Down river past the ranch and where the RR tunnel is there are sites on river left. They're where a barbed wire fence that comes down to the river. I think all the established sites have some type of marker. If you explore around the lower sites you'll find an awesome rock art panel with bears and bear paws. Down river from there I don't know what is available. There are no restrictions as far I know on public land.


----------



## Old man (Jun 17, 2015)

Hacket Jack, that you? Thanks for the 50 cal


----------



## ColoradoDave (Jun 3, 2010)

Went by to scout the GJ takeout on the Gunnison and it is impossible to get to the ramp due to flooding. About 2 feet of water all around the area just upstream of the diversion.

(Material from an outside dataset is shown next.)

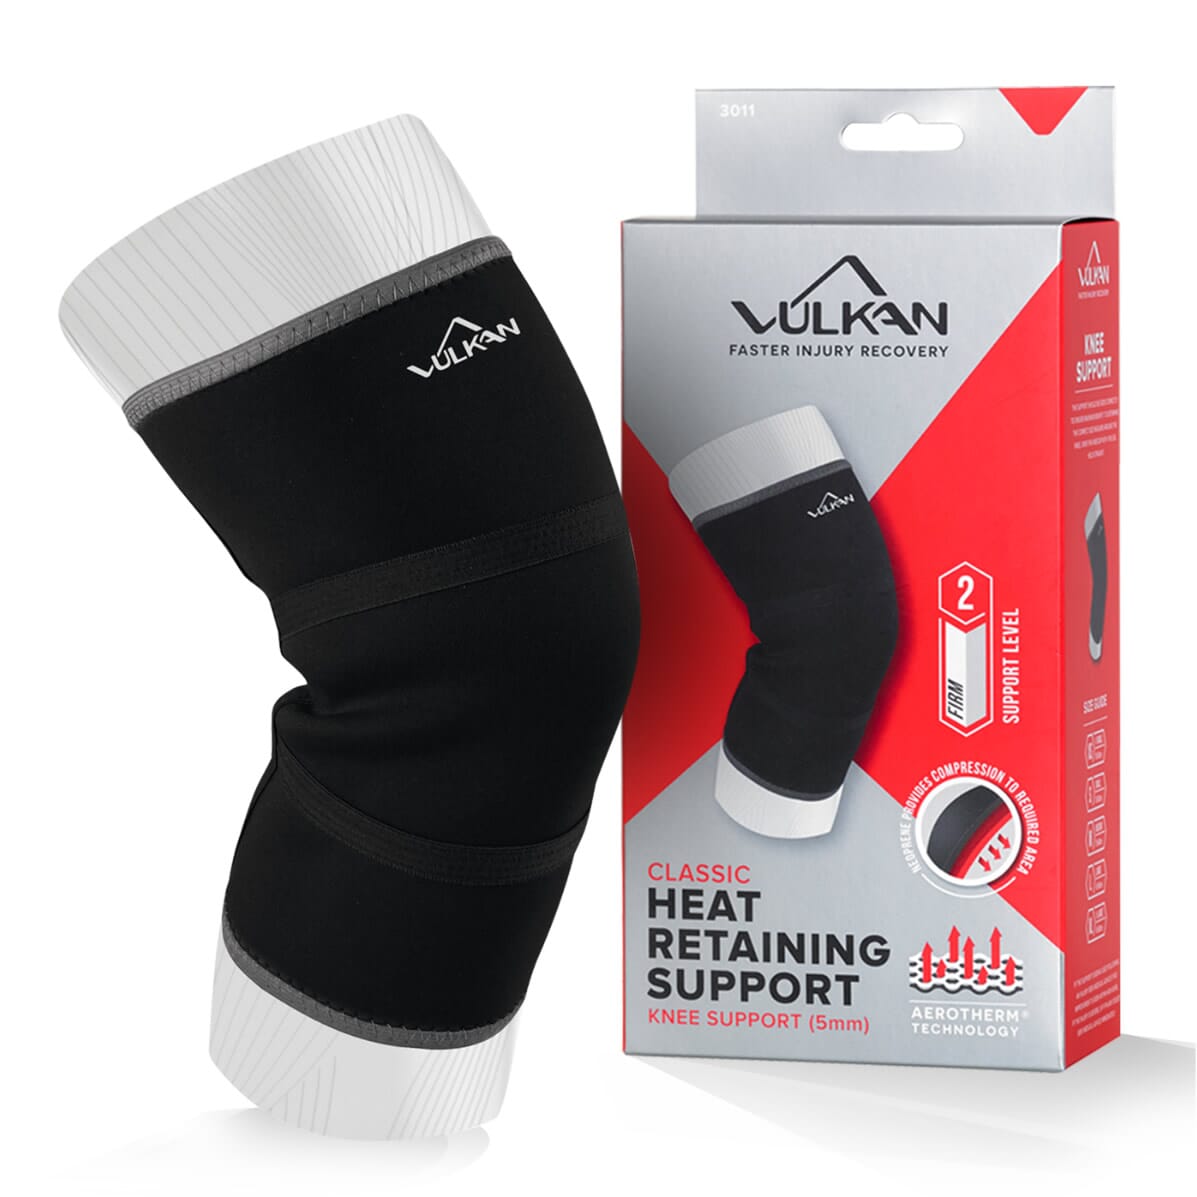 View Knee Support Vulkan XLarge 3mm thick information

Also measured the Gunnison at the Delta bridges at hwy 50 and downstream of that.

Hwy 50 bridge in Delta = 68" clearance at 11 AM May 29

G50 road bridge West of Delta = 58" clearance at 4:30 PM May 29


----------



## Fruita Boater (Jan 15, 2015)

ColoradoDave said:


> Went by to scout the GJ takeout on the Gunnison and it is impossible to get to the ramp due to flooding. About 2 feet of water all around the area just upstream of the diversion.
> 
> Also measured the Gunnison at the Delta bridges at hwy 50 and downstream of that.
> 
> ...


Thanks for measuring those bridge heights; good to know before you go for the higher flows!


----------



## Aknoff (Aug 24, 2007)

lmyers said:


> From the BLM page:
> 
> *Redlands Dam* - Just south of the Colorado River in Grand Junction, turn south on 261/4 Road. Proceed through the cemetery and turn right on B3/4 Road, then left on 263/8 Road. The Boat take-out is just upstream of Redlands Dam.
> 
> BLM UFO Lower Gunnison River


Anyone know if this ramp is still accessible? Haven't done this stretch in a few years and hoping to avoid the Whitewater take-out if possible. I can see it on the satellite and can't make out a gate or anything like that, but that's far from certain. Thanks!


----------



## jbolson (Apr 6, 2005)

https://www.mountainbuzz.com/threads/gunnison-beta.112896/


----------



## Aknoff (Aug 24, 2007)

Thank you! Is there somewhere away from the homeless camp where you could leave your car/trailer relatively safely (relatively meaning no more sketchy than Whitewater already is)?


----------